Supplied material ::
++++++++++

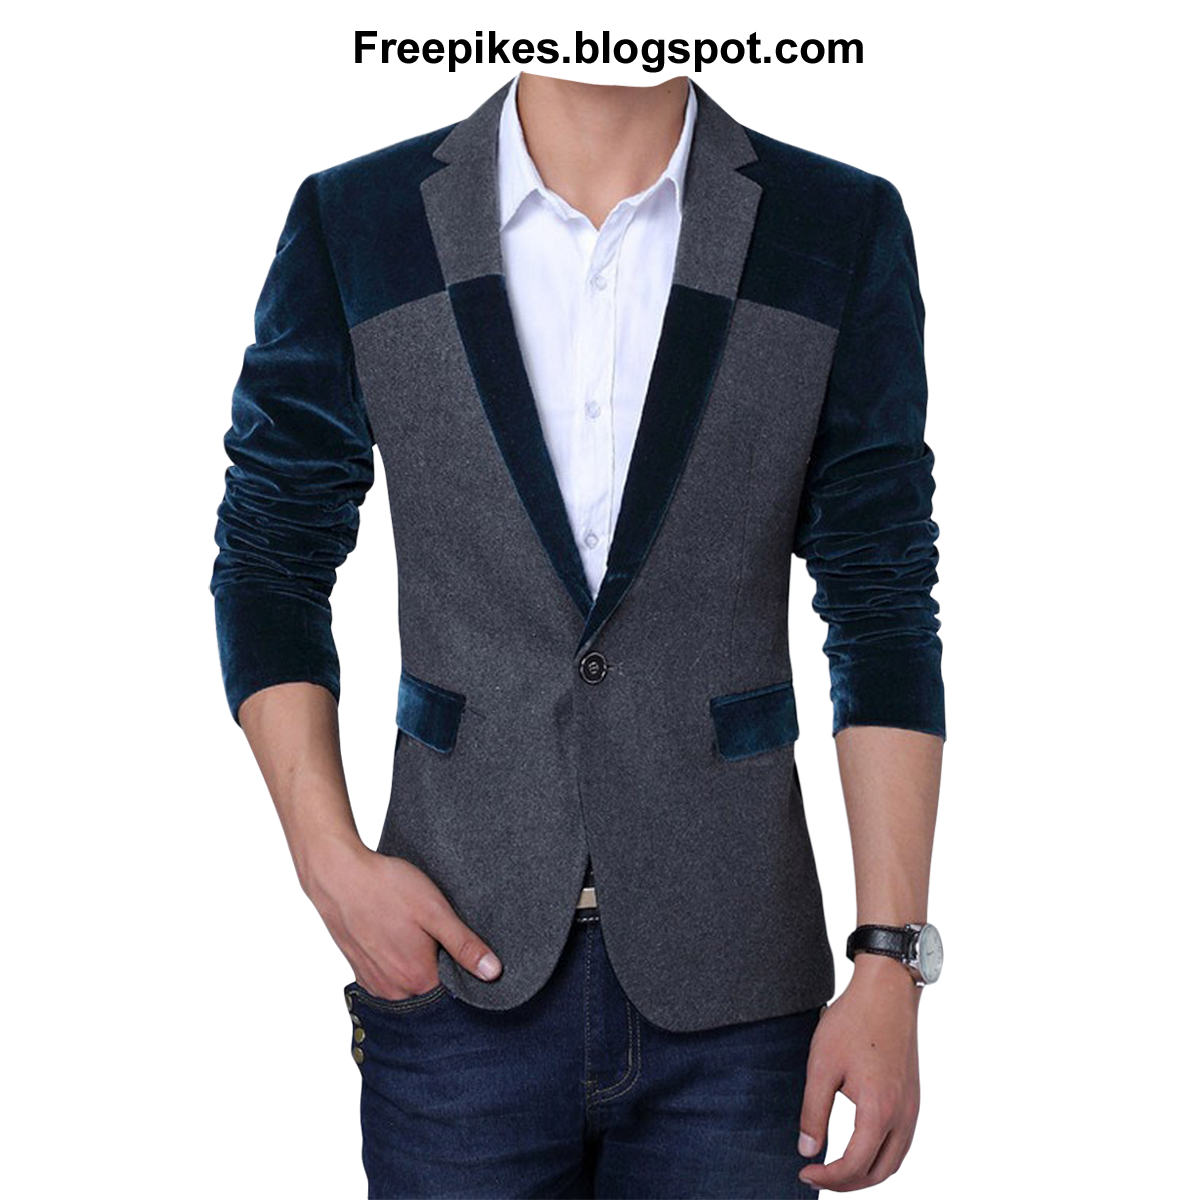 Mens Suit koreon Fashion Dress for Mens in PNG ~ FreePikes
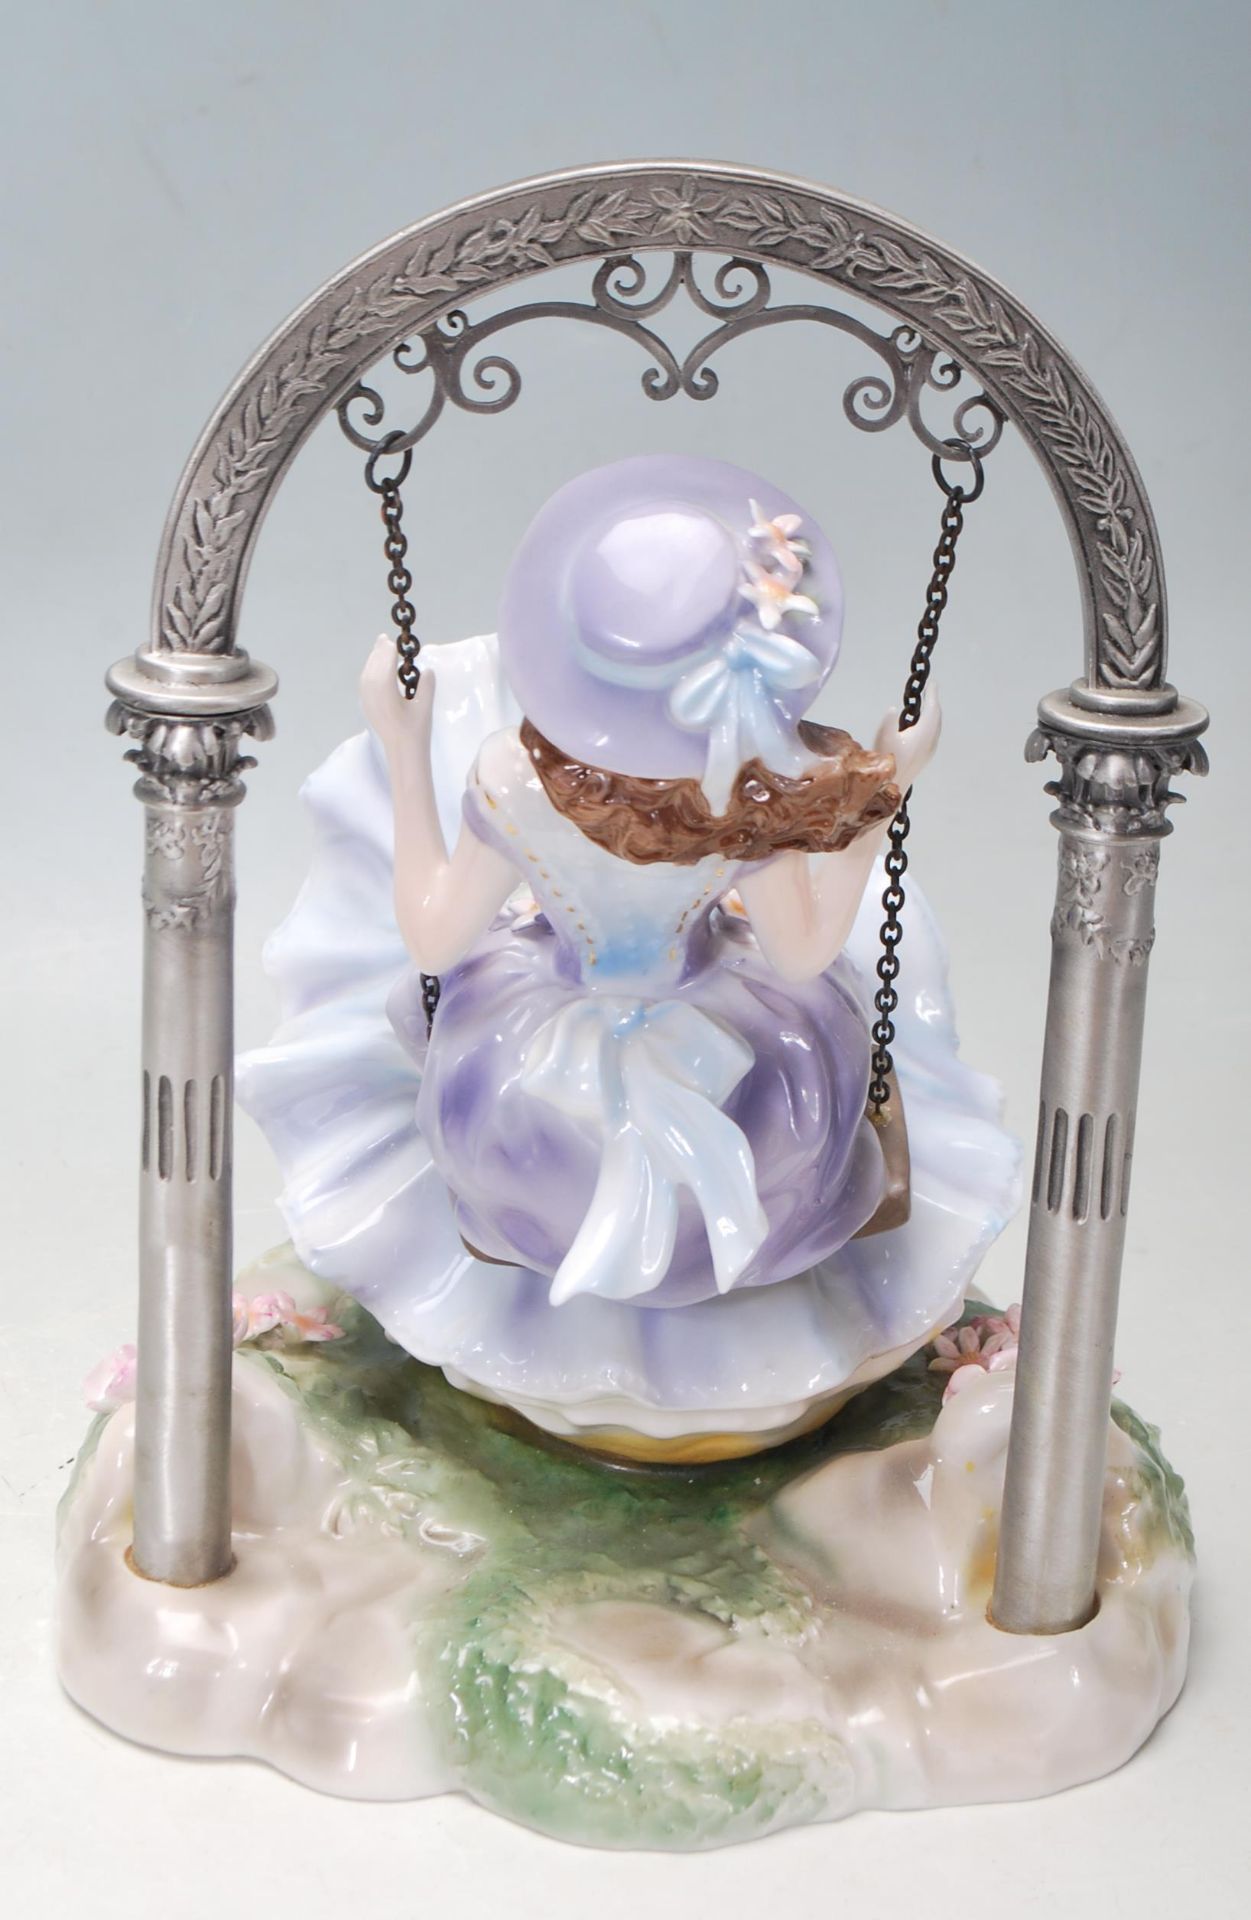 20TH CENTURY ROYAL WORCESTER LIMITED EDITION 50/250 CERAMIC FIGURINE - THE SWING - CW519 - Image 4 of 6
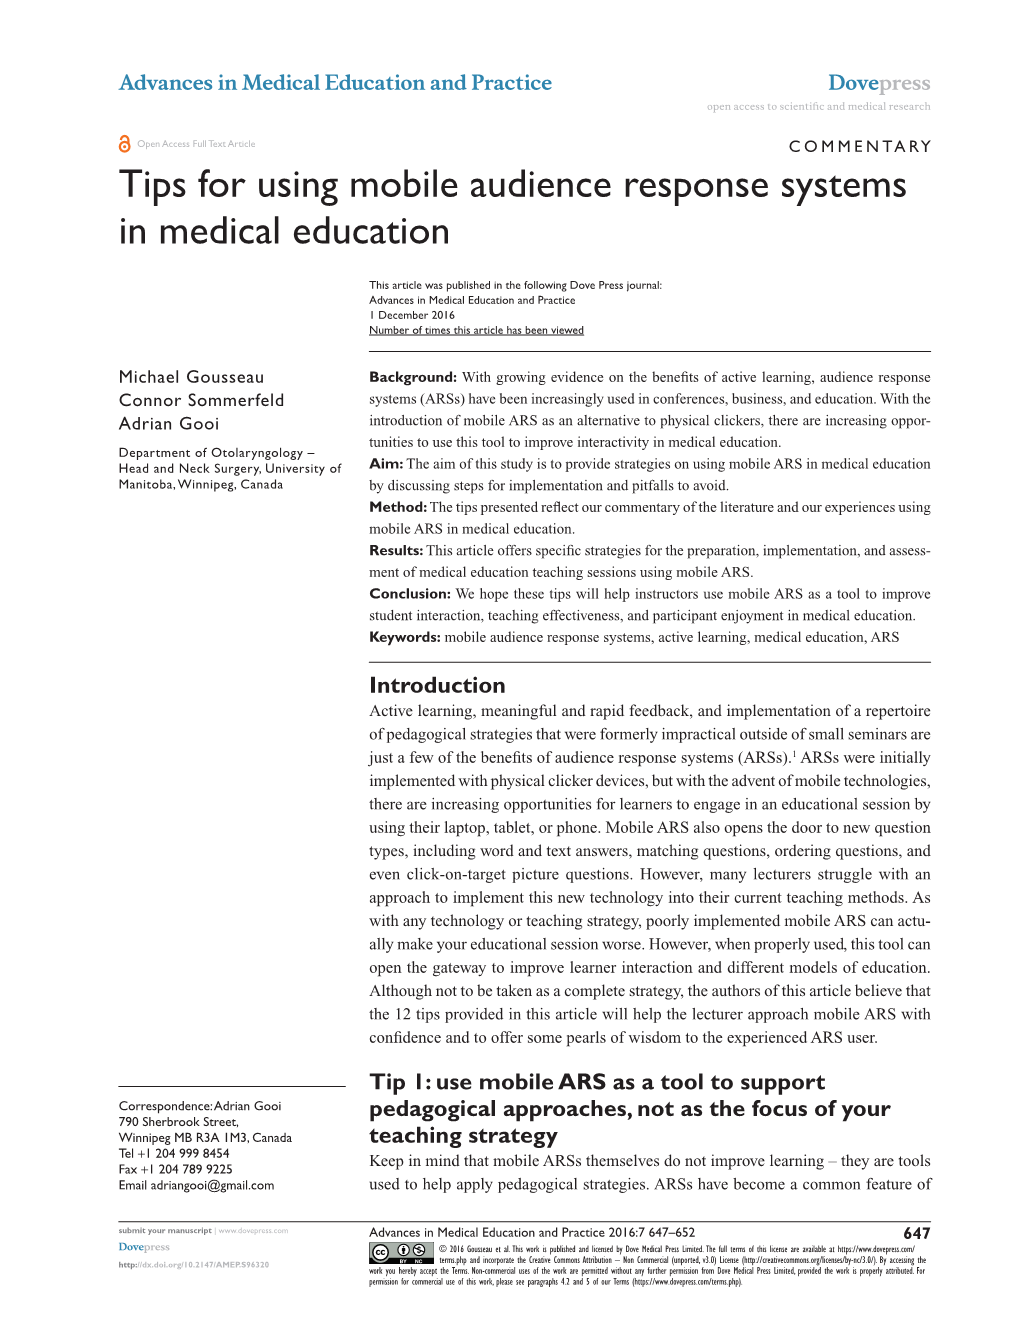 Tips for Using Mobile Audience Response Systems in Medical Education

++++++++++

Assignment :: An exact copy of the whole listing is required, minus the pictures.

Answer to this task ::
 Mens Suit koreon Fashion Dress for Mens in PNG ~ FreePikes
 20TH CENTURY ROYAL WORCESTER LIMITED EDITION 50/250 CERAMIC FIGURINE - THE SWING - CW519 - Image 4 of 6
 Tips for Using Mobile Audience Response Systems in Medical Education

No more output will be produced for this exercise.